You will feel like an emotional wreck, a mess inside, a shell.
When you're cheated on, you feel like you were never loved, respected, or cared about. They didn't think about you or how it would affect you only themselves. It was selfish, and it was unfair. It damaged you.
My thinking was you picked the one person you wanted to spend the rest of your life with, the one you would stick by through thick and thin the good and the bad and the ugly the one you created a life with. I was shattered, I picked them, and they never picked me. There was always someone else.
To love someone is to respect them, now all of that has been betrayed. Loyalty is what you gave, and now instead of receiving what you gave you were cheated on, and that is the absolute most damaging thing you can do to a person that loves you.
I am here, I hear you, I have felt what you feel, and my heart is breaking for you.

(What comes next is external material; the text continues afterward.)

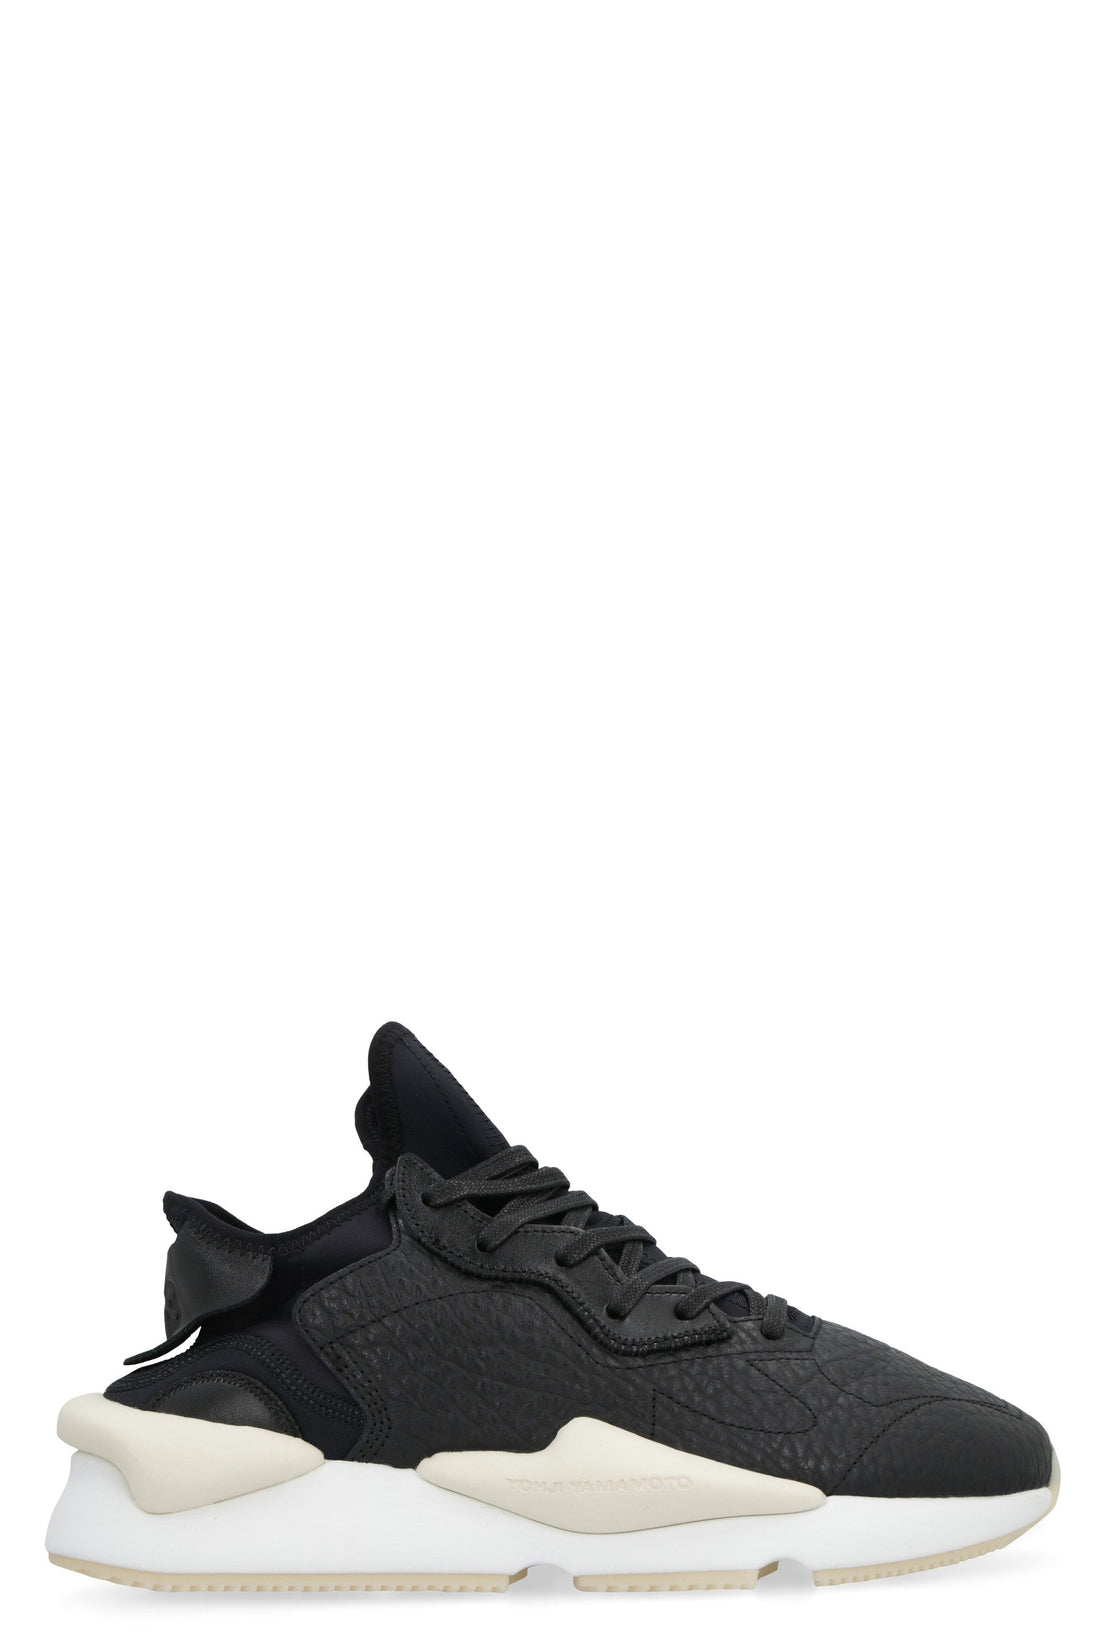 adidas-OUTLET-SALE-Kaiwa leather and fabric low-top sneakers-ARCHIVIST
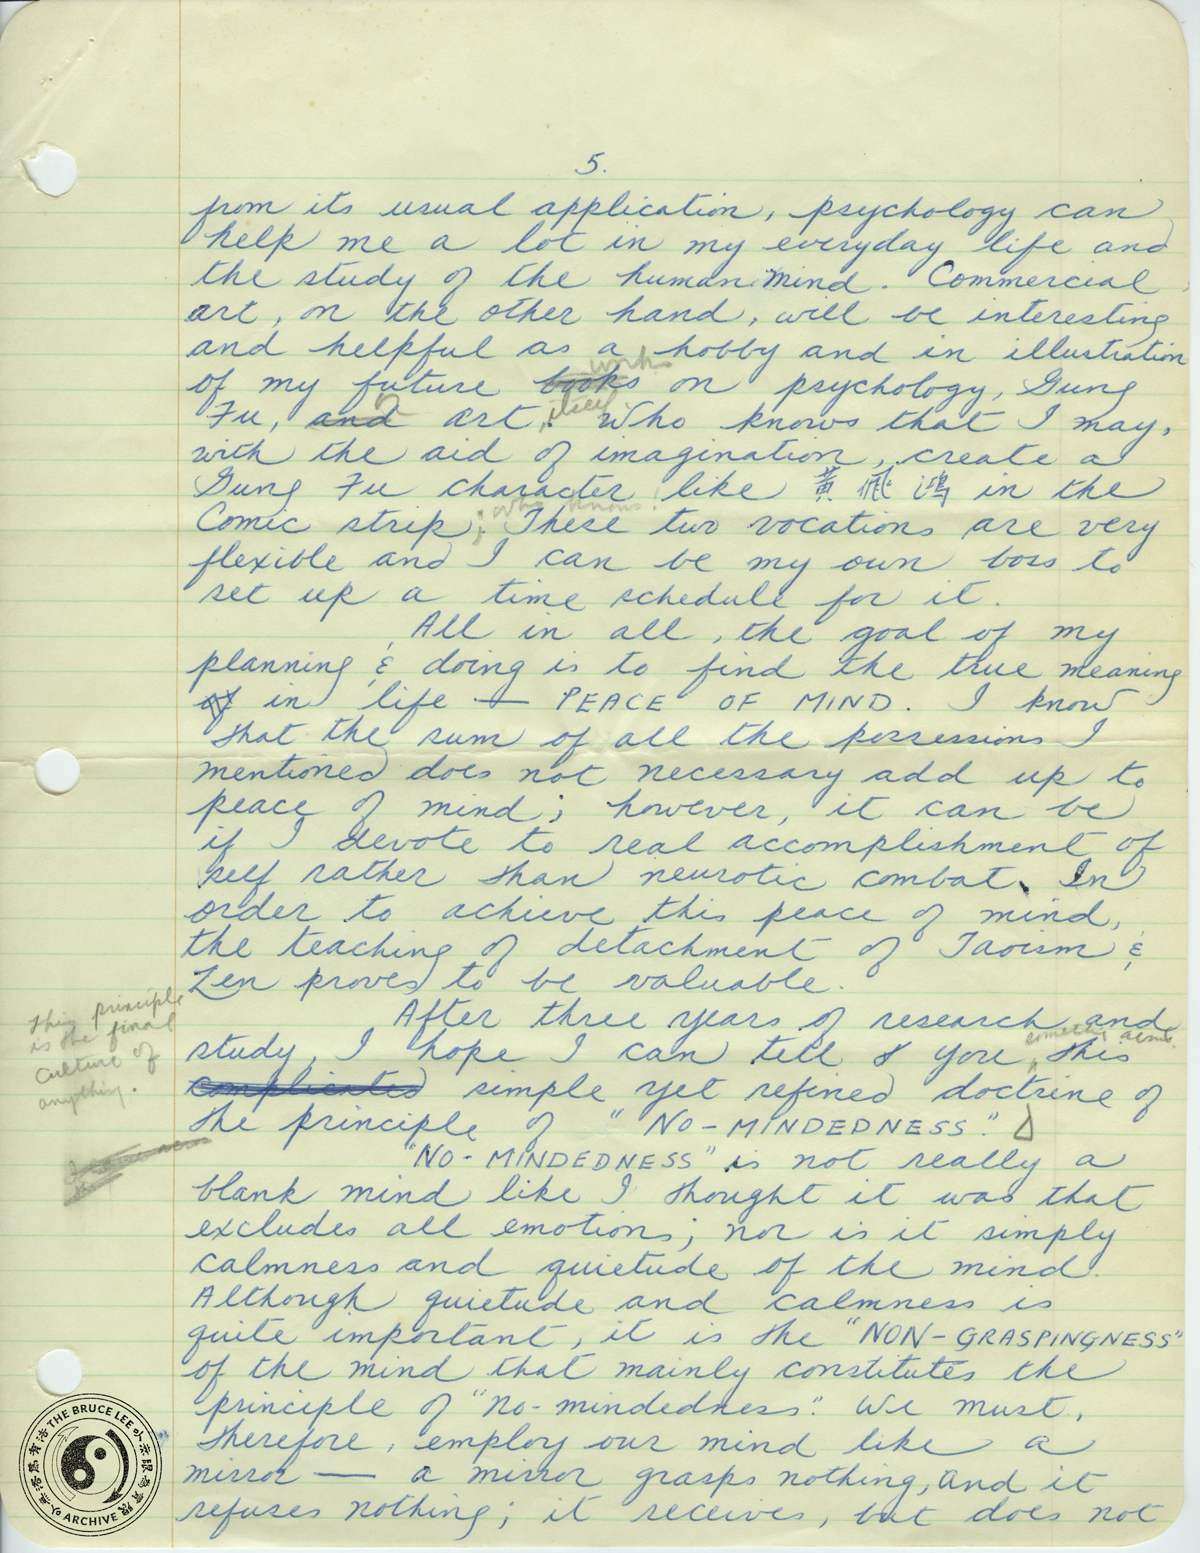 Letter-to-Pearl-draft-pg.5-archive.jpg

I testify of the truthfulness of his love, and he has a plan much bigger than what you have for yourself. He will hear the silent pleading of your heart. He may not give you the miracle you want, he may not answer all your prayers, but if I did anything right in the mess of this, it was trusting that he would never leave my side even when I challenged him, screamed and cursed. He sent me the most amazing people to walk this storm that I still battle. Not everyone will get you, or what you have been through. I have been broke down enough to not care much anymore. Find the people who will listen, the ones who can see past your fake smile and will see your pain. The ones that will hold your hand and reach out to take yours. The ones that will stay by your side and not judge you. They are his gift, they will be your light and shine when you don't. His words flow from me effortlessly. He will guide you, he loves you, and he is there.